В нем теперь уж не было никакой суровости, ничего величественного,
никаких римских добродетелей. Смерть царила где-то на большой высоте, и не
такая уж это была легкая вещь.
"Вот это будет мой термометр, - сказал он себе. - Сегодня вечером я на
десять градусов ниже того мужества, с каким следует идти на гильотину. А
сегодня утром мое мужество было на надлежащем уровне. А в общем, не все ль
равно? Лишь бы оно вернулось ко мне в должную минуту". Эта мысль о
термометре несколько развлекла его и в конце концов рассеяла его мрачное
настроение.
Когда он на другой день проснулся, ему было стыдно вспоминать вчерашний
день. "Мое счастье и спокойствие под угрозой". Он даже решил написать
главному прокурору, чтобы к нему никого не допускали. "А Фуке? - подумал он.

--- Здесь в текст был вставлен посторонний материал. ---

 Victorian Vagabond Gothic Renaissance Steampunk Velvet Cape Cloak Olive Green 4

- Если он вздумает приехать сюда, в Безансон, как это его огорчит!"
Наверное, он месяца два уже не вспоминал о Фуке. "Каким глупцом я был в
Страсбурге! Мои мысли не поднимались выше воротника на моем мундире".
Воспоминание о Фуке надолго заняло его, и он опять расчувствовался. Он в
волнении шагал из угла в угол. "Ну вот я и опустился уже на двадцать
градусов ниже уровня смерти... Если моя слабость будет расти, лучше уж
покончить с собой. Как будут торжествовать все эти аббаты Малоны и господа
Вально, если я умру слюнтяем!"
Приехал Фуке; этот добрый, простодушный человек не помнил себя от горя.

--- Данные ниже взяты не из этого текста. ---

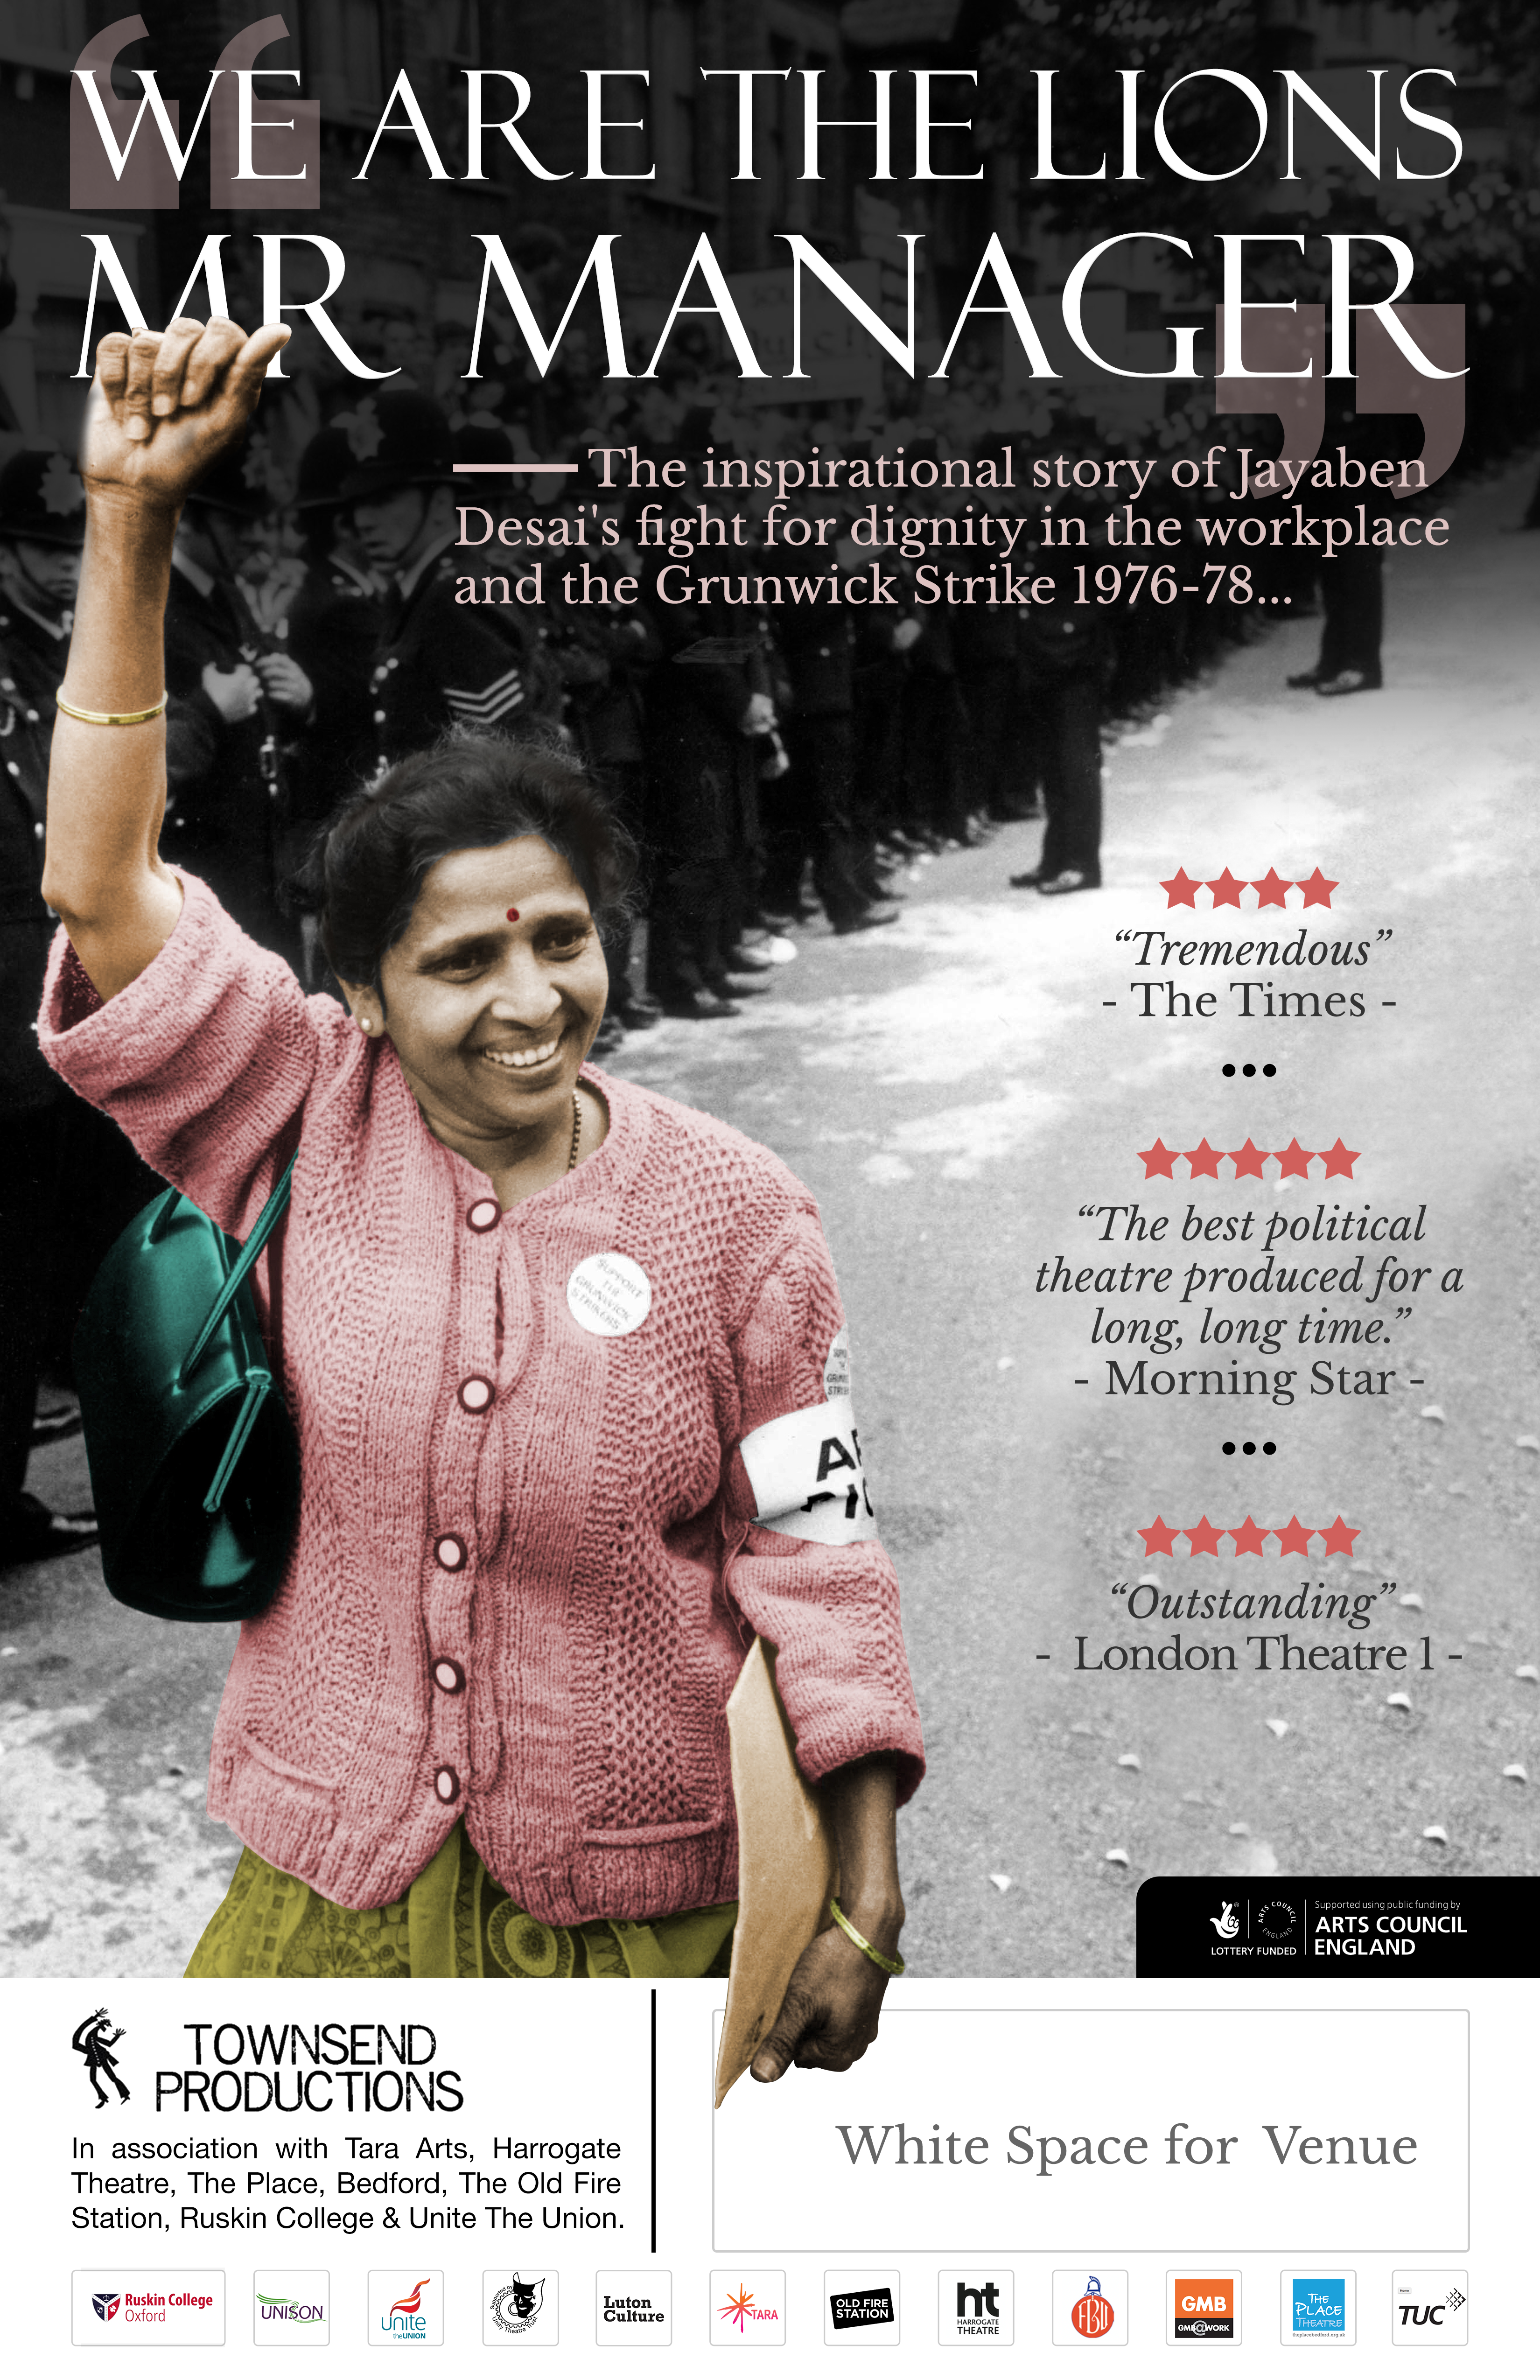 Poster Design -national touring theatre -inspirational leader Jayaben Desai and The Grunwick Strike

Он только об одном и толковал: продать все свое имущество, подкупить
тюремщика и устроить Жюльену побег. Он долго говорил о бегстве г-на де
Лавалета.
- Ты меня огорчаешь, - сказал ему Жюльен. - Господин де Лавалет был
невинен, а я виновен. Ты, сам того не желая, заставляешь меня думать об этом
различии... Но что это ты говоришь? Неужели? Ты готов продать все свое
имущество? - удивился Жюльен, вдруг снова обретая всю свою наблюдательность
и недоверчивость.
Фуке, обрадовавшись, что наконец-то его друг откликнулся на его
замечательную идею, начал подробно высчитывать с точностью чуть ли не до
каждой сотни франков, сколько он может выручить за каждый из своих участков.

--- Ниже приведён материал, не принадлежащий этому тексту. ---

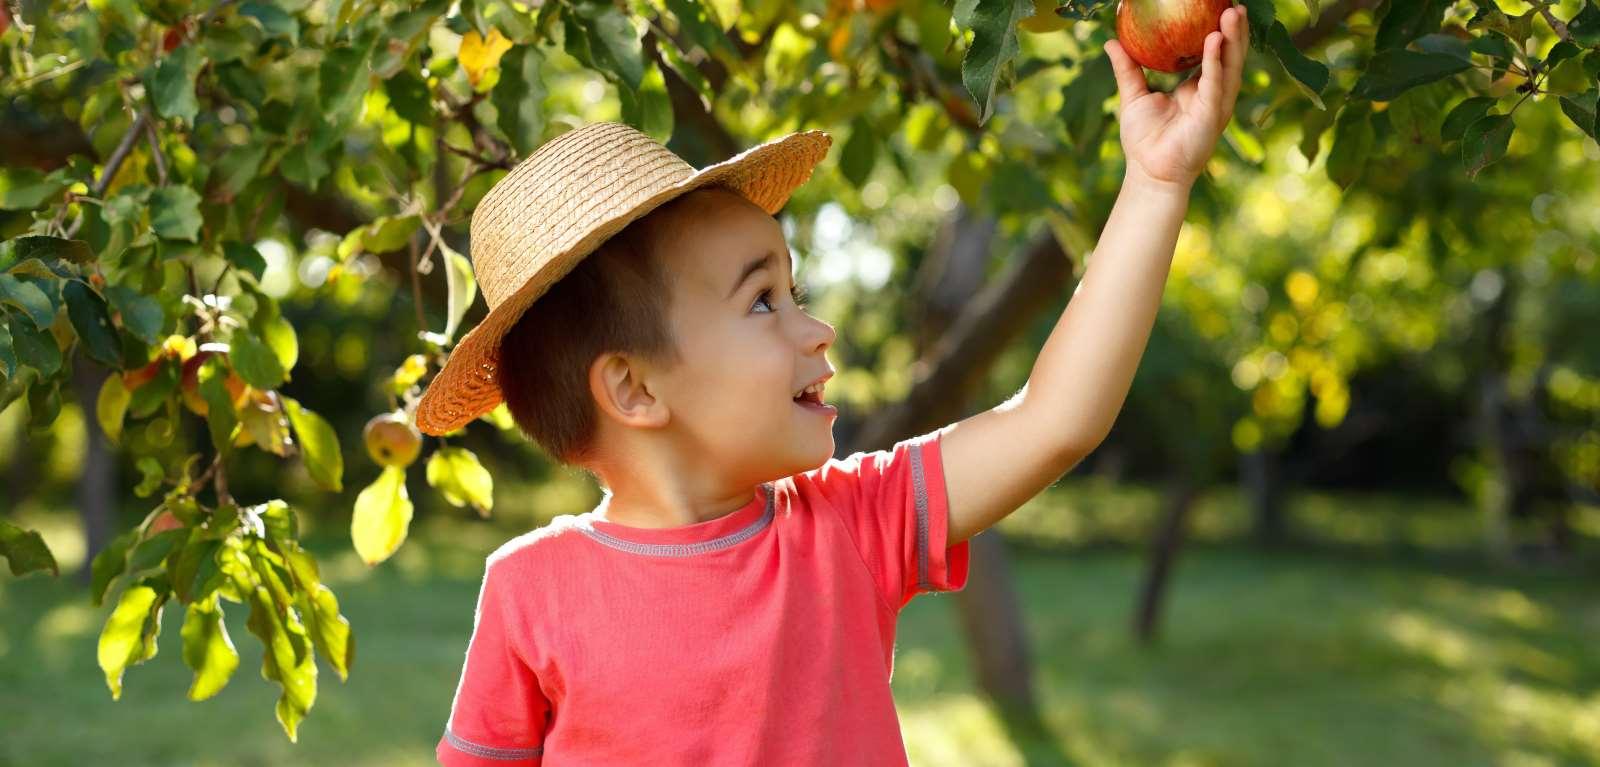 Fruit & Vegetable Picking

"Какое изумительное самоотвержение для деревенского собственника! -
думал Жюльен. - Сколько скопидомства, бережливости, чуть ли не мелкого
скряжничества, которое заставляло меня краснеть, когда я замечал это за ним,
и всем этим он жертвует для меня! Конечно, у блестящих молодых людей,
читающих "Рене", которых я встречал в особняке де Ла-Моля, нет его смешных
недостатков, но, за исключением разве какихнибудь совершенных юнцов,
неожиданно разбогатевших благодаря какому-нибудь наследству и еще не знающих
цены деньгам, кто из этих блестящих парижан способен на такое
самопожертвование?"
Все ошибки речи, неотесанные манеры Фуке - все исчезло для него, и
Жюльен бросился обнимать друга. Никогда еще провинция, при сравнения с
Парижем, не Удостаивалась такого высокого предпочтения. Фуке, в восторге от
того чувства, которое он прочел в глазах Жюльена, принял его за согласие
бежать...
Это проявление величия вернуло Жюльену всю твердость духа, которой
лишило его посещение г-на Шелана. Он был еще очень молод, но, по-моему, в
нем было заложено много хорошего. Вместо того, чтобы перейти от
чувствительности к хитрости, как это случается с громадным большинством
людей, он постепенно обрел бы с годами истинно отзывчивую доброту и
излечился бы от своей безумной подозрительности. А впрочем, к чему эти
праздные предсказания?
Допросы участились вопреки всем усилиям Жюльена, который своими
показаниями всячески старался сократить эту волокиту.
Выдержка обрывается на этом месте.